A prospective, multicenter, observational study found low-dose aspirin and/or unfractionated heparin treatment significantly improved pregnancy outcomes in women with recurrent pregnancy loss who tested positive for anti-β2-glycoprotein I/human leukocyte antigen-DR antibodies. The research demonstrates increased live birth rates and reduced pregnancy complications in this patient population.
The study, conducted between August 2019 and December 2023 and published in Frontiers in Immunology, included 47 pregnancies in women with recurrent pregnancy loss (RPL) and anti-β2-glycoprotein I (β2GPI)/human leukocyte antigen (HLA)-DR antibody positivity. Participants were divided into two groups consisting of 39 women treated with low-dose aspirin (LDA) and/or unfractionated heparin (UFH) and 8 women who received neither.
The outcomes showed promise for the use of LDA and or UFH with an 87.2% live birth rate for the LDA/UFH group and a 50.0% live birth rate for the cohort of women who did not receive any combination of those medications. Additionally, the LDA/UFH group had a pregnancy complication rate of just 5.9% compared with a rate of 50% in the non-LDA/non-UFH group.
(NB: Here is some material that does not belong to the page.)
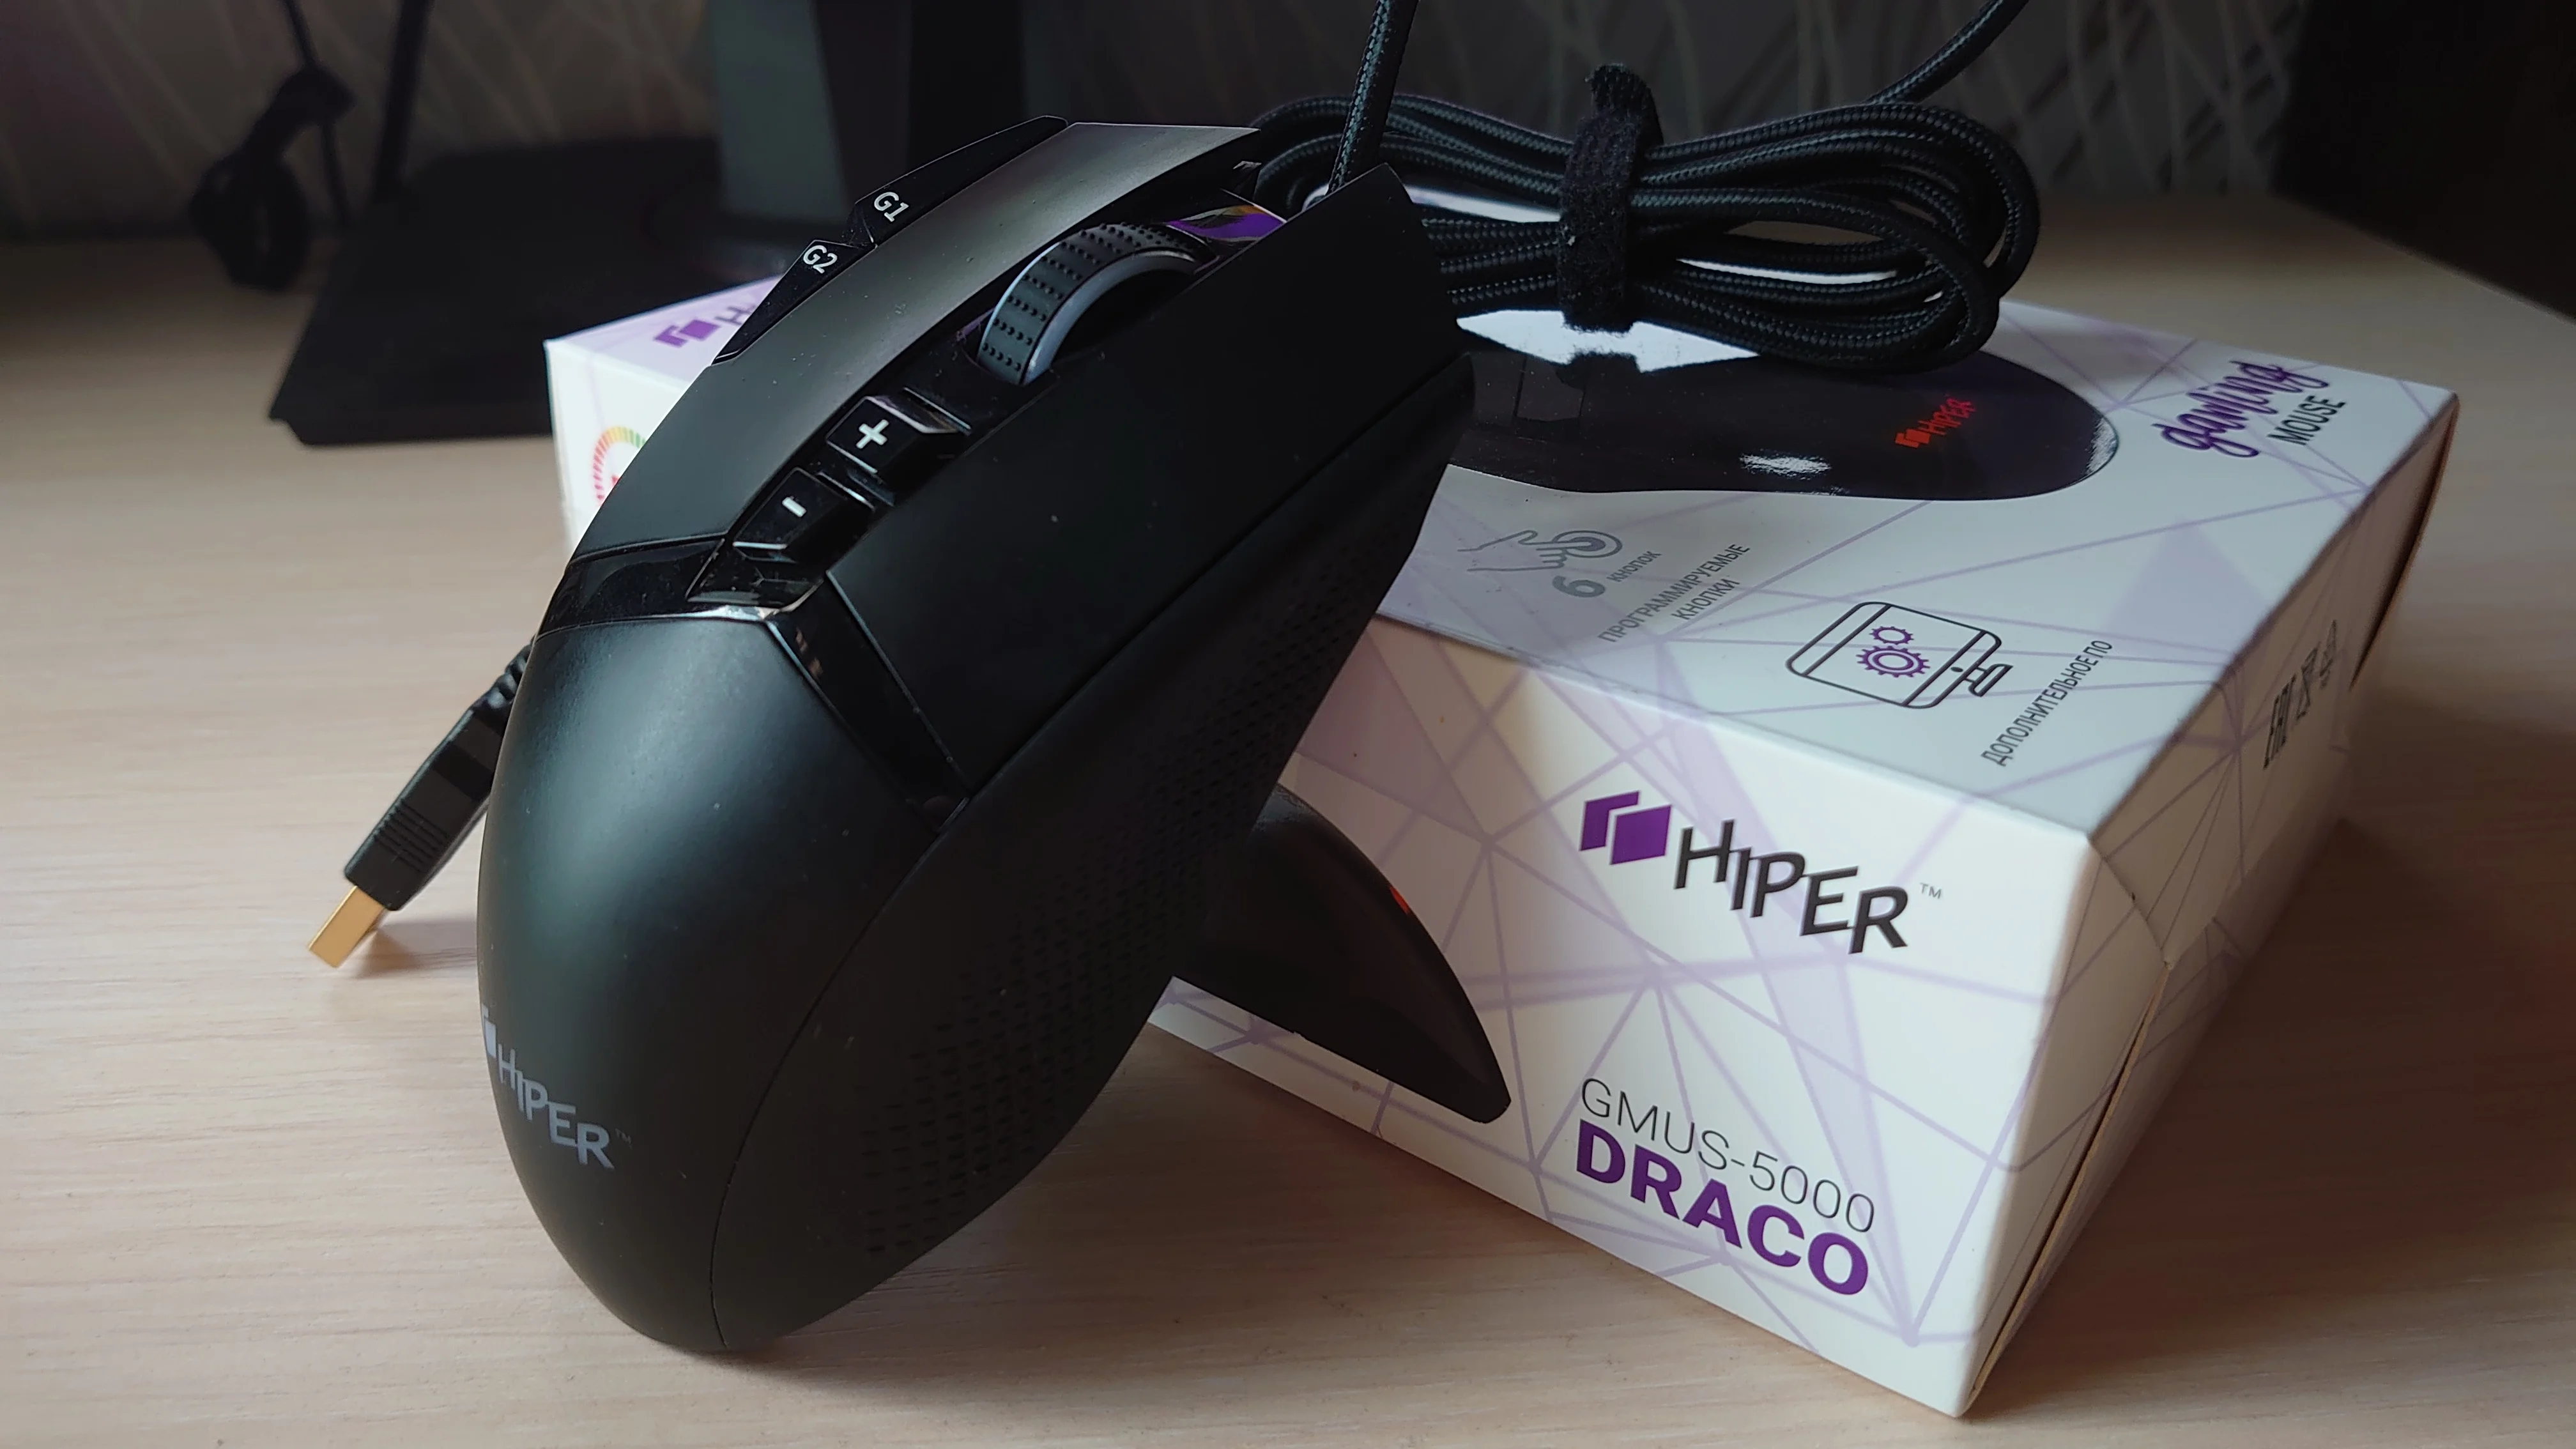 Обзор Hiper Draco: что может бюджетная игровая мышка - фото 7
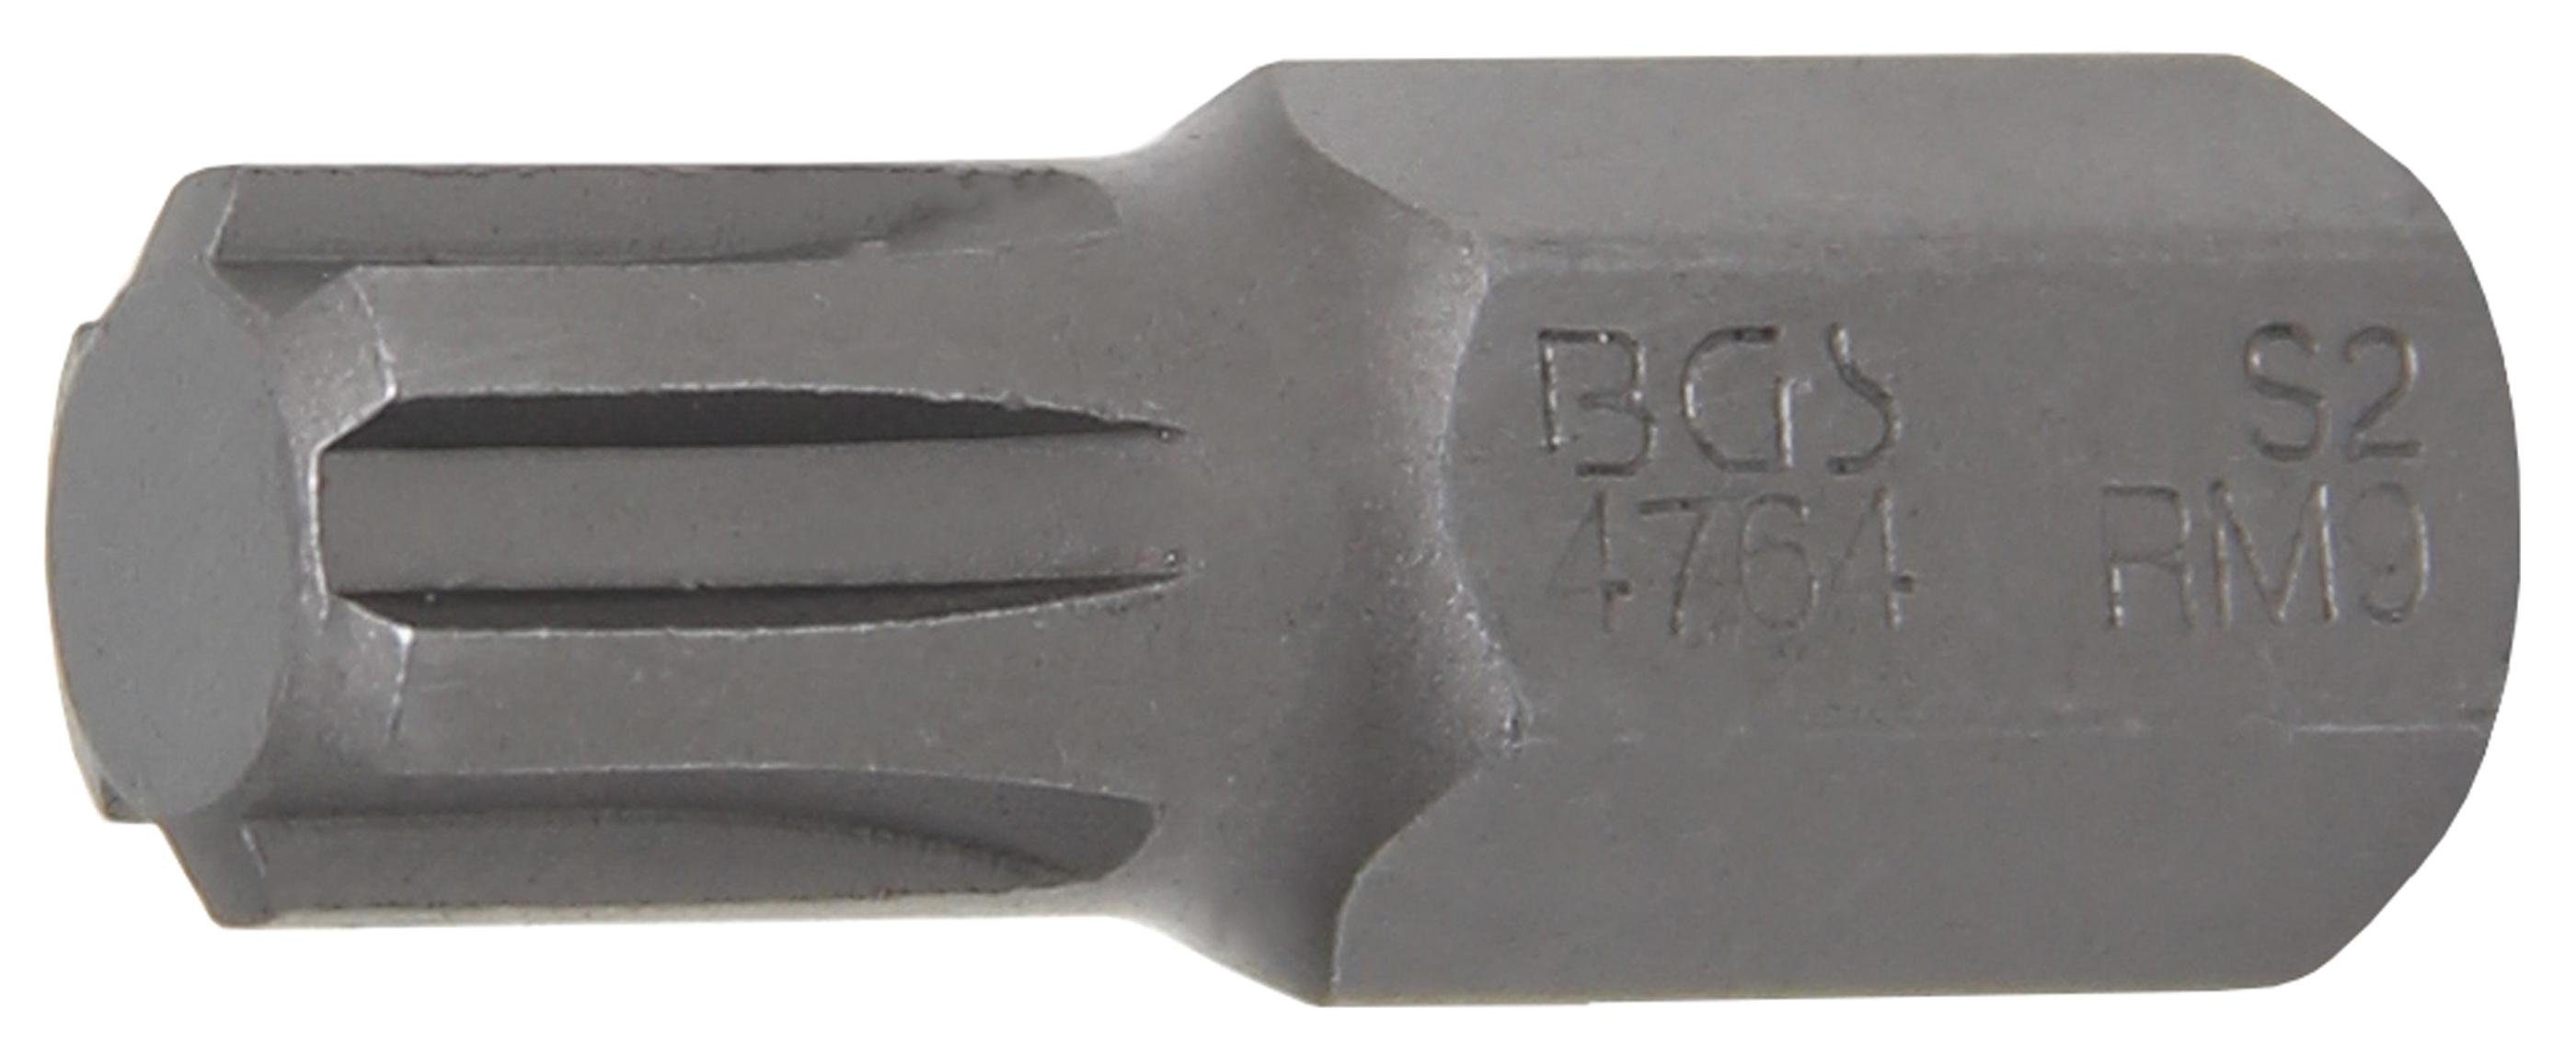 BGS technic Bit-Schraubendreher Bit, Antrieb Außensechskant 10 mm (3/8), Keil-Profil (für RIBE) M9

The 12 women who received LDA alone had a 100% live birth rate and a 0% complication rate. The 19 women who received both LDA and UFH had an 89.5% live birth rate and an 11.8% complication rate. The 4 women who received LDA, UFH along with prednisone (PSL) exhibited a 75% live birth rate and a 0% complication rate. The 6 women group receiving no treatment had a 66.7 live birth rate and a 50% complication rate. The 2 women who only received PSL did not have any live births during the study.
The study also finds that PSL therapy alone may not be effective for women with RPL and anti-β2GPI/HLA-DR antibody positivity, as all women in this category had miscarriages.
The study enrolled women with RPL who visited one of five medical centers between August 2019 and December 2021. RPL was defined as two or more pregnancy losses. Participants underwent measurements of serum anti-β2GPI/HLA-DR antibody levels and conventional assessments to identify causes and risk factors for RPL.
Anti-β2GPI/HLA-DR antibody levels were measured using a standardized method at HuLA Immune Inc. (Tokyo, Japan). The normal range was established as <73.3 U using sera from 374 healthy controls at the 99th percentile.
Treatment modalities were decided by attending physicians based on individual risk factors. The LDA/UFH group received various combinations of treatments, including LDA alone, LDA + UFH, LDA + UFH + PSL, and LDA + UFH + intravenous immunoglobulin (IVIG). The non-LDA/non-UFH group either received no treatment or 5 mg/day of PSL.
Pregnancy outcomes were followed until December 2023. The primary outcomes were live birth rates and pregnancy complication rates, including preeclampsia and preterm delivery before 34 gestational weeks due to placental insufficiency.
The women included in the study ranged in age between 27 and 48 years with a median age of 34 years. The LDA/UFH group had a median BMI of 20.8 kg/m2, while the non LDA/non-UFH group had a median BMI of 22.3 kg/m2. Additional risk factors for RPL in the study population included thyroid dysfunction,low protein S activity, low protein C activity, low factor XII activity, and uterine malformation.
Limitations of the study include its relatively small sample size, heterogeneity among treatment subgroups, and its observational nature. The authors noted that randomized controlled trials with larger sample sizes are needed to confirm these findings.
The authors declared that the research was conducted in the absence of any commercial or financial relationships that could be construed as a potential conflict of interest.